As we can see in these 3 figures, our atlas selection method achieves significant improvements with respect to MI-based atlas selection in 10, 9 and 7 (out of the 20 structures) for the MV-, LWV- and NLWV-based label fusions, respectively. Compared to HOG-based atlas selection, our method achieves significant improvements in 11, 7 and 7 structures, respectively. The average Dice ratio improvement of our atlas selection method, compared to the MI-based atlas selection method, is 0.59%, 0.45% or 0.42% when using MV-, LWV- or NLWV-based label fusions, respectively. Following a similar trend as in the ADNI and IXI databases, the proposed atlas selection method achieves larger improvement with respect to the MI-based atlas selection method for the simpler label fusion method (MV). The reason is that the simpler label fusion method (MV) offers more room for improvement to the atlas selection method.

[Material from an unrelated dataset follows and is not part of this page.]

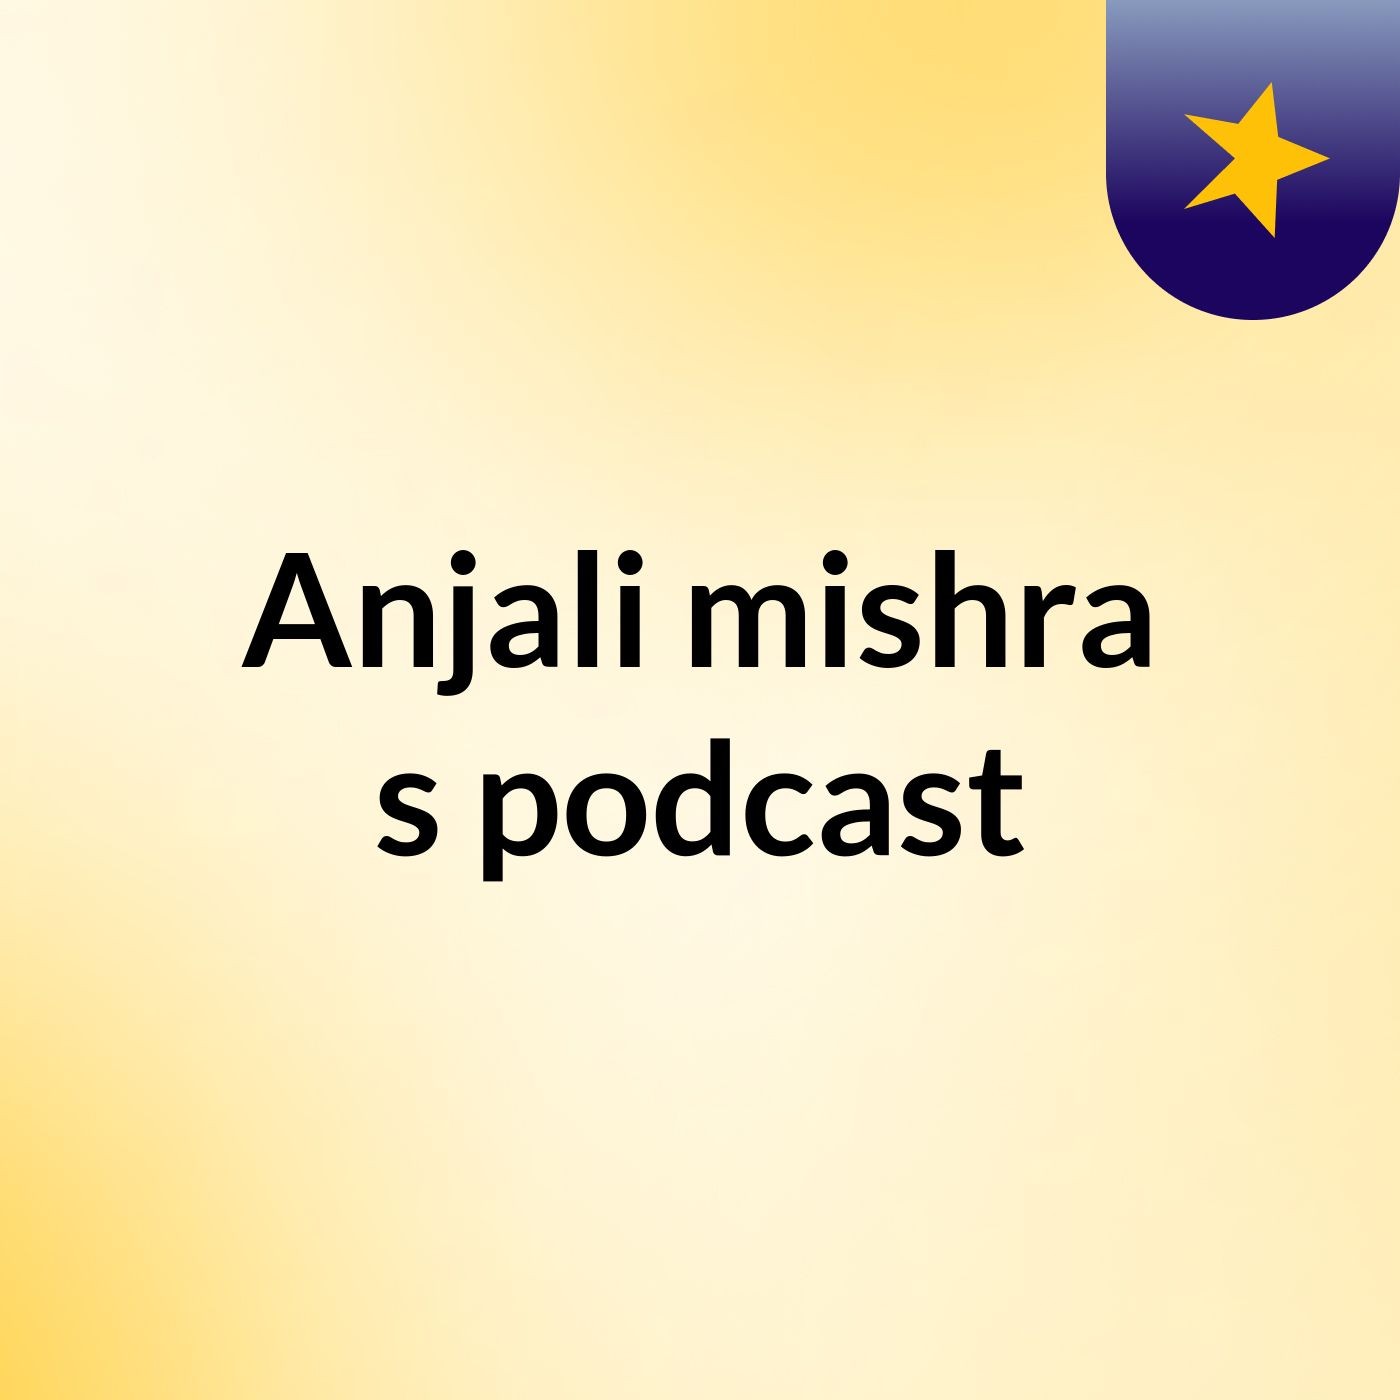 Anjali mishra's podcast

To get better insight about performance of each method in selecting good atlases, Fig. 20 shows the number of relevant atlases selected by MI, HOG and HSR in the LONI dataset. The theoretical upper bound in the case of a perfect selection (i.e., GTR) is displayed as a black line. As we can see, the proposed method clearly outperforms all others.

Fig. 20.

Fig. 20

Number of relevant atlases selected by each method in the LONI dataset. Vertical axis shows the number of relevant atlases and horizontal axis shows the number of selected atlases. A black line denotes the number of relevant atlases in the case of a perfect selection (GTR).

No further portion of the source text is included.